Monday, December 22, 2008

Undergraduate Students and Technology - Part 5

Continuing commentary and opinions on content of The ECAR Study of Undergraduate Students and Information Technology, 2008.

I’ve decided to forgo the discussion about students and plagiarism; I’ll save that for another day, and go on with the discussion from the ECAR paper.

“The majority of comments, however, were negative. Four themes emerged – that the lack of face-to-face interaction detracts from learning, that online courses facilitate cheating, that technical problems still exist, and that online courses require students to “teach themselves”, making the course more demanding.

Ok – wow – where do I start with this.

1. Lack of face-to-face interaction detracts from learning
Ok, so I’m not sure I disagree with this, but probably NOT for the same reasons as the students. I do believe that it’s important to be face-to-face during a portion of the class. I hold with high regard whatever is happening, physically, when two or more people are in the same place at the same time. Call it vibes, call it aura, call it energy, call it whatever you want. However, this “thing” does not exist when people meet in cyberspace (or don’t meet at all, if the non-face-to-face portion is asynchronous.)
That’s my perspective, and I’d guess a small percentage of student think the same thing. But I’m willing to bet that there is more behind this for most students. We’ve seen that students are social and we’ve also seen that they don’t want their social networking tools to be taken over by the educational process. But it is that very social thing that students get from each other. They make friends, they develop relationships, they distract each other, they cover for each other, they do a lot of things that can’t be done when one is sitting on campus in his/her dorm and the other is at home in her/his bedroom, and one is at Starbucks.
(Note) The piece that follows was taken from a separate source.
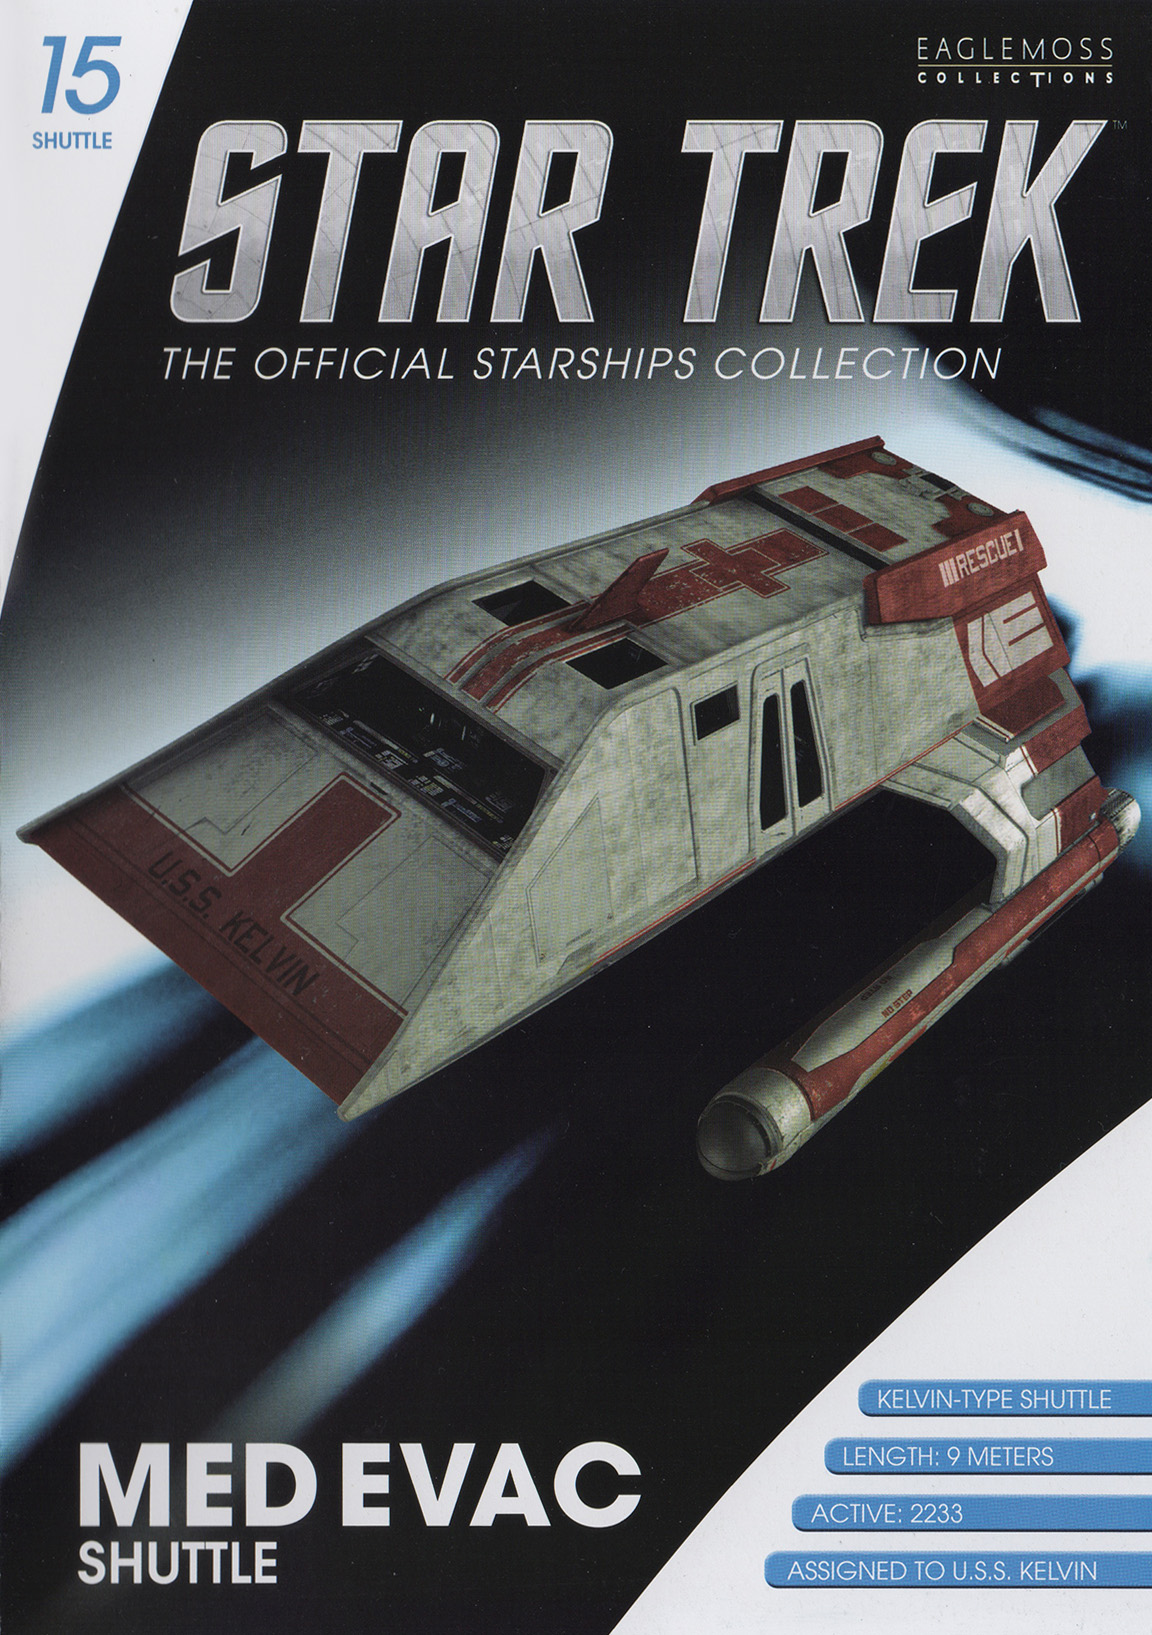 Star Trek Type-15 shuttle #8 from the U.S.S Enterprise NCC-1701-D Eaglemoss eng 
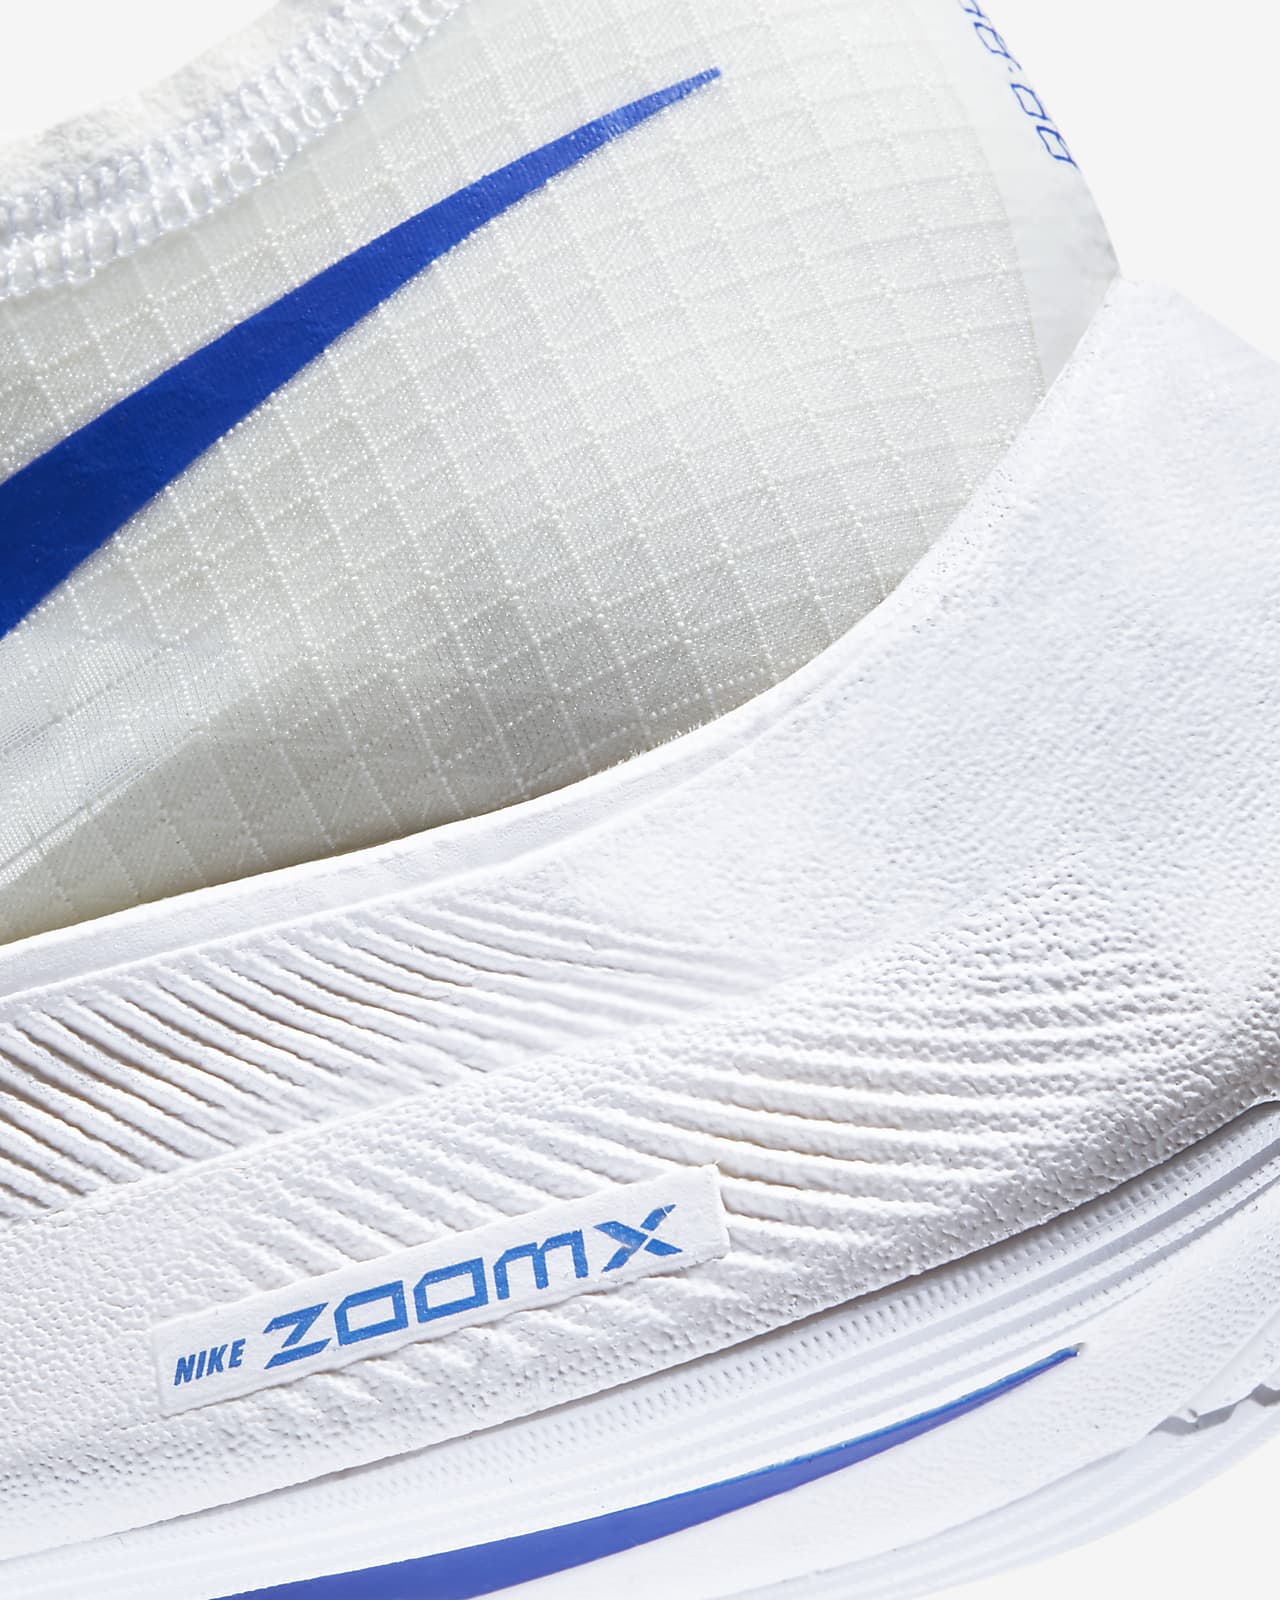 zoomx vaporfly next price philippines

2. That online courses facilitate cheating
Ok – so students are worried about cheating? LOL, no really? Students are worried about cheating? ROFLMAO!!!!! Oh, pull the other one! I’m not going to paint all students with the same brush, only MOST of them. I think the only reasons students are worried about cheating, most of them, is that they are afraid someone is going to get credit for cheating and a) they won’t be able to take advantage of it, b) they think it will make them look worse, of c) all of the above! There is this belief out there that classroom learning is a race, and that only so many people can get “good” grades, and if someone gets an A, and they cheated, then I might not get as good a grade because that other people took my A. I don’t buy the lion’s share of the bell curve of students care about cheating.

3. That technical problems still exist

This one still cracks me up, especially today. They have no problems teaching themselves how to use mobile devices, social networking spaces, and advanced video or computer games, but they think Blackboard is too hard to learn! I’ve actually had students tell me they couldn’t watch the YouTube video I assigned because it wouldn’t work on their computer

4. That online courses require students to “teach themselves” making the course more demanding.
To me, this translates to “Holy crap, look at all this work I have to do which I can’t fake now because I can’t sit in the back of the class an pretend that I read, answered, followed.” The use of technology actually makes the students do the amount of work they would have had to do had they participated in the class as it was designed. This is, of course, based on the idea that the course was designed properly. There is always the case that a technology is NOT being used properly and that, in fact, the class is harder then it would have been if it had been offered in person.
The other part of this is that students want us to give them the answers, because they believe learning is being able to tell us what we want them to tell us when we test them. We (and I mean society here) have these student so accustomed to the pitchers/vessels way of learning that if we are not giving them the answer, well, how are they going to know what to tell us back on the test. You want US to come up with the answer, they ask? Are you kidding, just tell me, so I can get a good grade on the test.